The purpose of the invention is to improve the measurement accuracy and expand the range of measured frequencies.

Fig. 1 shows the construction of a single-frequency radio frequency meter meter; in fig. 2 is a view A of FIG. 1i in FIG. 3 shows the resonance curves of two adjacent resonators 1.

The carrier frequency meter of a single microwave radio pulse contains sensors made in the form of cylindrical resonators 1 with a central rod 2 loaded on a capacitive load 3. The loading capacitor 1 is formed by a gap between the end of the central rod 2 and the upper end cover 4 of the cylindrical resonator 1, A flexible membrane 5 mounted on the periphery with the cylindrical part of the resonator 1. By means of screw 6, screwing into cavity 4 of the resonator 1, it is possible to mechanically change the bend of the membrane 5; Thus, changing the size of the gap between the end of the central rod and the membrane, which allows to change the resonant frequency of the resonator by 50-60 MHz. The variation of the resonant frequency within large limits is achieved by varying the length of the central rod 2. The connection of the cylindrical resonator 1 with the waveguide length 7 is carried out by means of connection slits 8, cut perpendicular to the axis in the wide wall of the waveguide length 7. The width of the communication slits 8 is selected coefficient of communication 3 within

lah

O 1 0.04, j,

where Q is the quality factor of cylindrical

rezonators; A - required measurement accuracy

frequencies.

The cylindrical resonator 1 is connected with the detector head 9 by means of loop 10. From the output of the detector head 9, the signal

enters the recording device.

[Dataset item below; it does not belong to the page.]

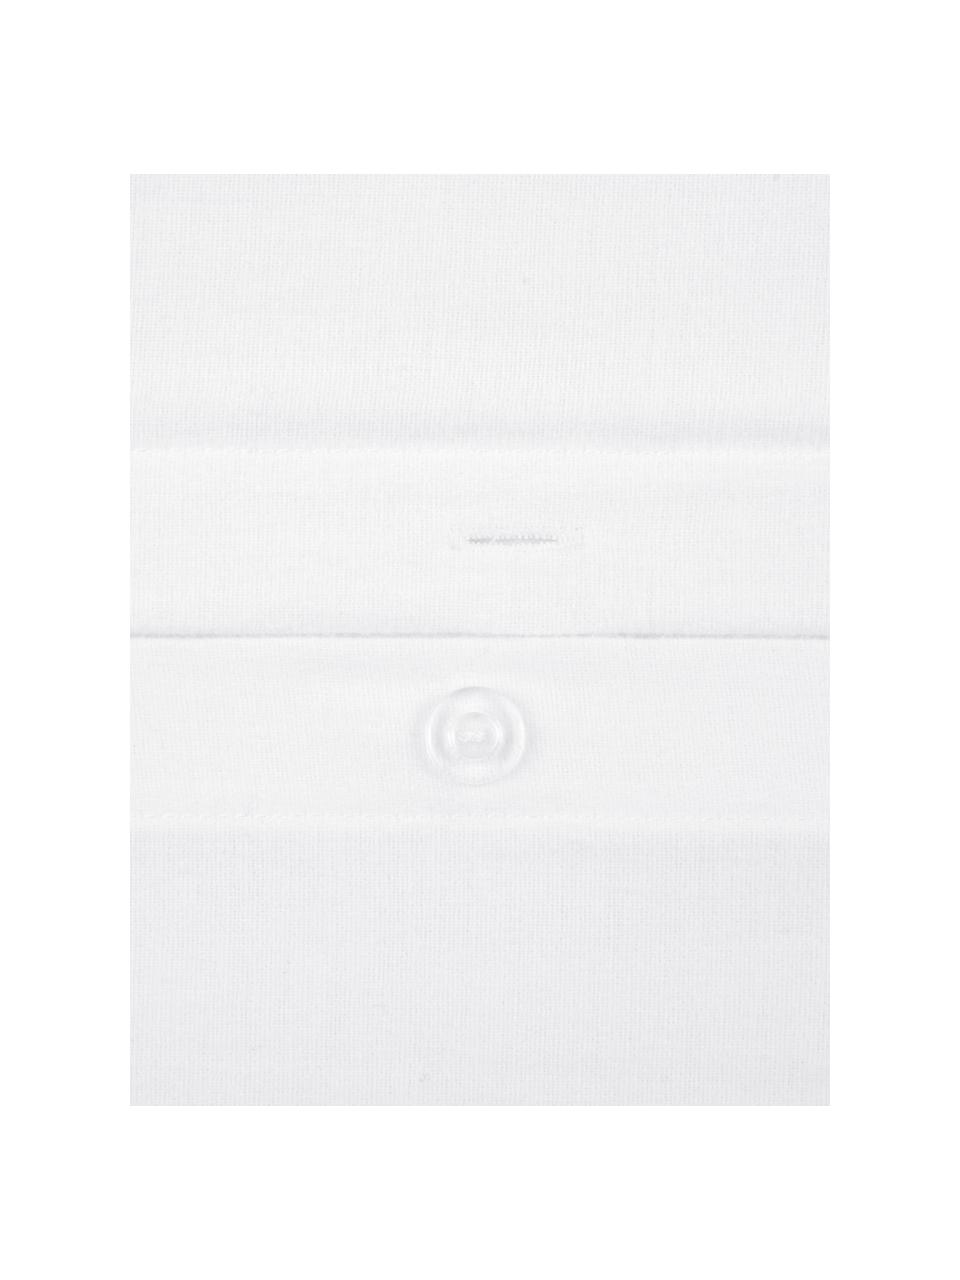 Pościel z flaneli Biba, Biały, 135 x 200 cm + 1 poduszka 80 x 80 cm

Cylindrical resonators 1 are installed together in the axis of the waveguide segment 7.

-

925

Q 15 20 25 Q 35

45

55

15

To determine the frequency of a single microwave pulse in the working frequency band, cylindrical resonators 1 were tuned to resonant frequencies after 20 MHz. To avoid a signal passing at a frequency between any adjacent resonant frequencies, the passbands of cylindrical resonators should overlap so that at a frequency corresponding to the middle of the interval, the levels of input signals would be the same and slightly higher than the response level of the recording devices (Vj.p) . Then, at the middle frequency of the interval, two recording devices operate simultaneously, corresponding to cylindrical resonators 1 with adjacent resonant frequencies.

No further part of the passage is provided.